▶ **Exercise data**
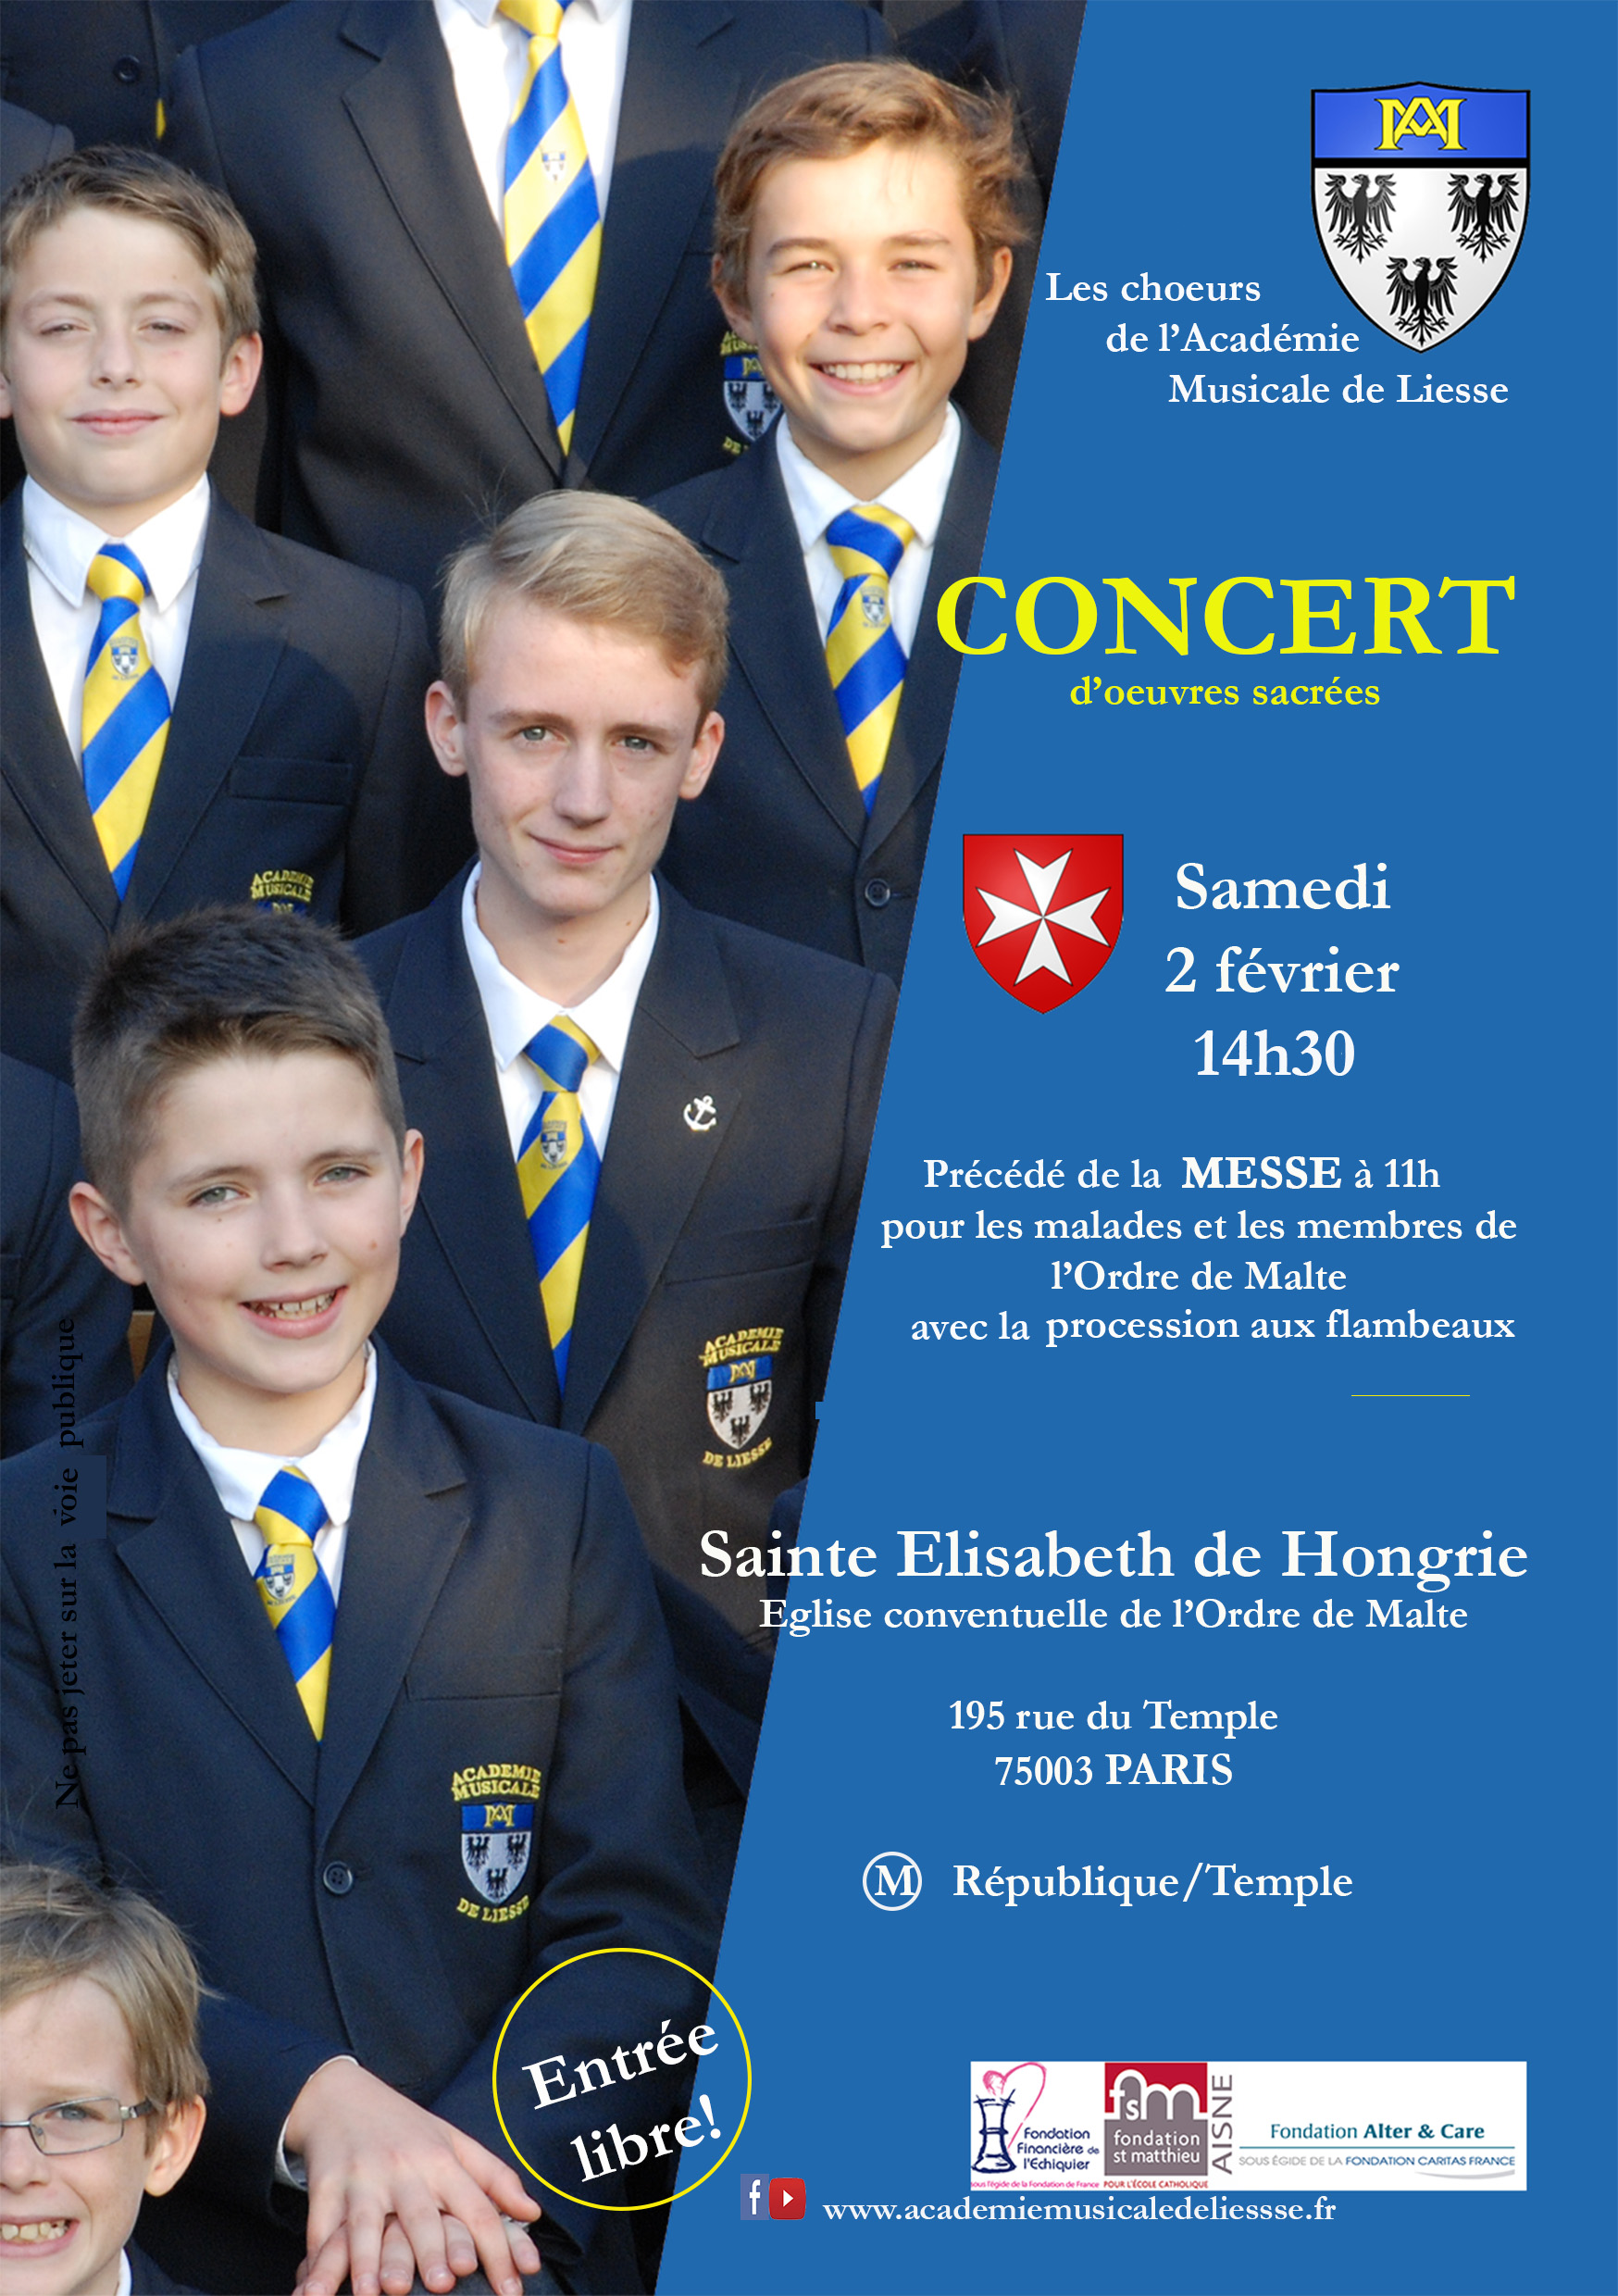 Concert en l’église Sainte Elisabeth de Hongrie – Académie Musicale de Liesse le 2 février 2019 à Paris
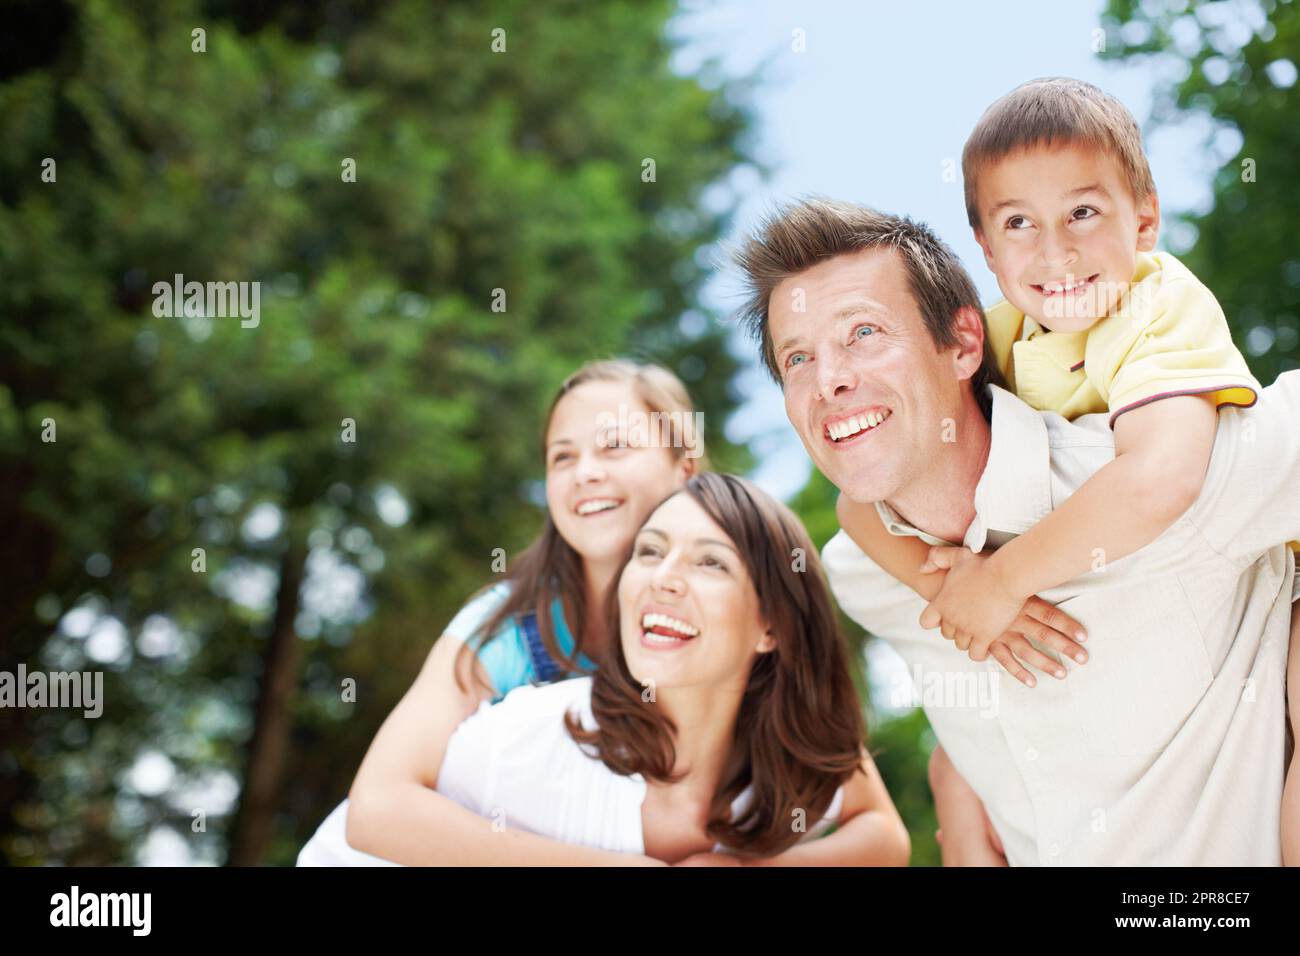 Una famiglia meravigliosa che si gode una giornata fuori insieme. Vista bassa di una madre e di un padre felici e devoti che portano i loro figli sulle spalle - CopySpace. Foto Stock
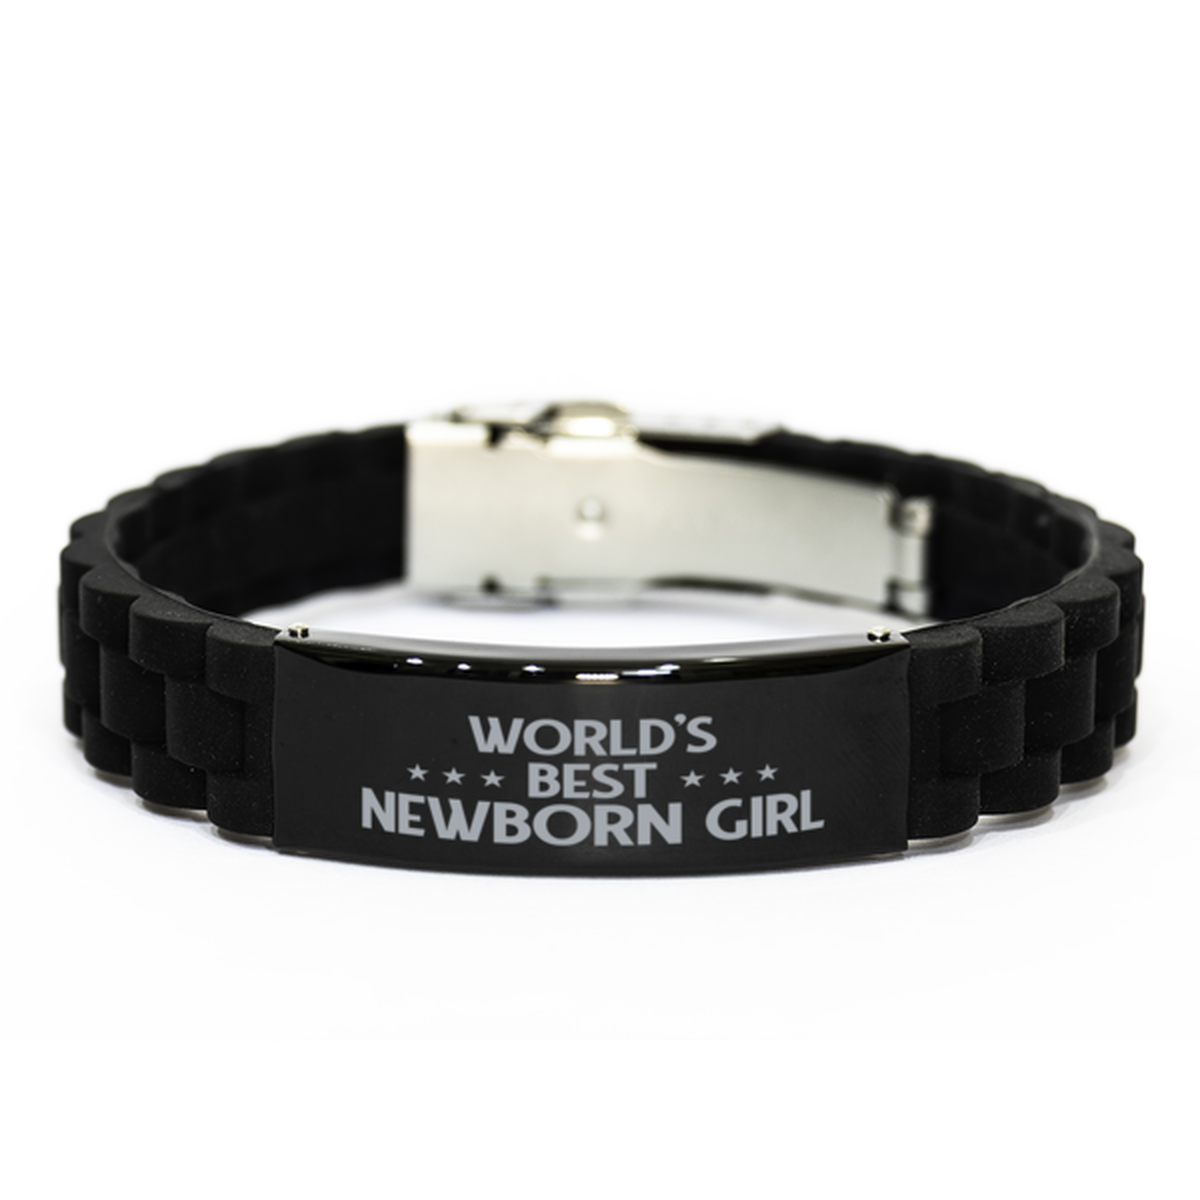 World's Best Newborn girl Gifts, Funny Black Engraved Bracelet For Newborn girl, Family Gifts For Women
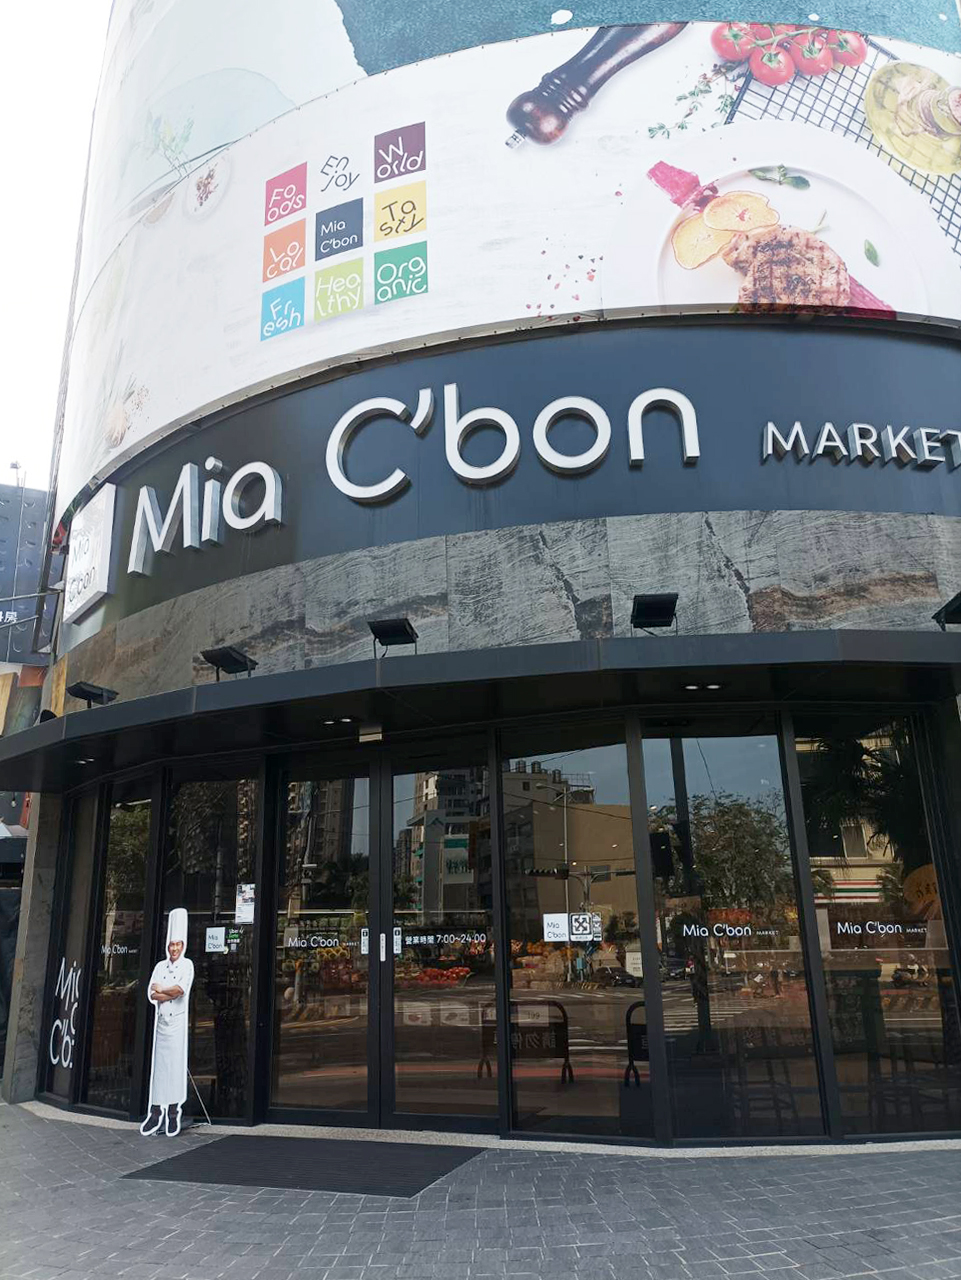 生活機能-Mia C'bon Market2

▶ **Brief**
Using the listing above, set down exactly each line from the one containing "Una famiglia meravigliosa" through the final line, and leave out pictures.

▶ **Finished task**
 Una famiglia meravigliosa che si gode una giornata fuori insieme. Vista bassa di una madre e di un padre felici e devoti che portano i loro figli sulle spalle - CopySpace. Foto Stock
 World's Best Newborn girl Gifts, Funny Black Engraved Bracelet For Newborn girl, Family Gifts For Women
 生活機能-Mia C'bon Market2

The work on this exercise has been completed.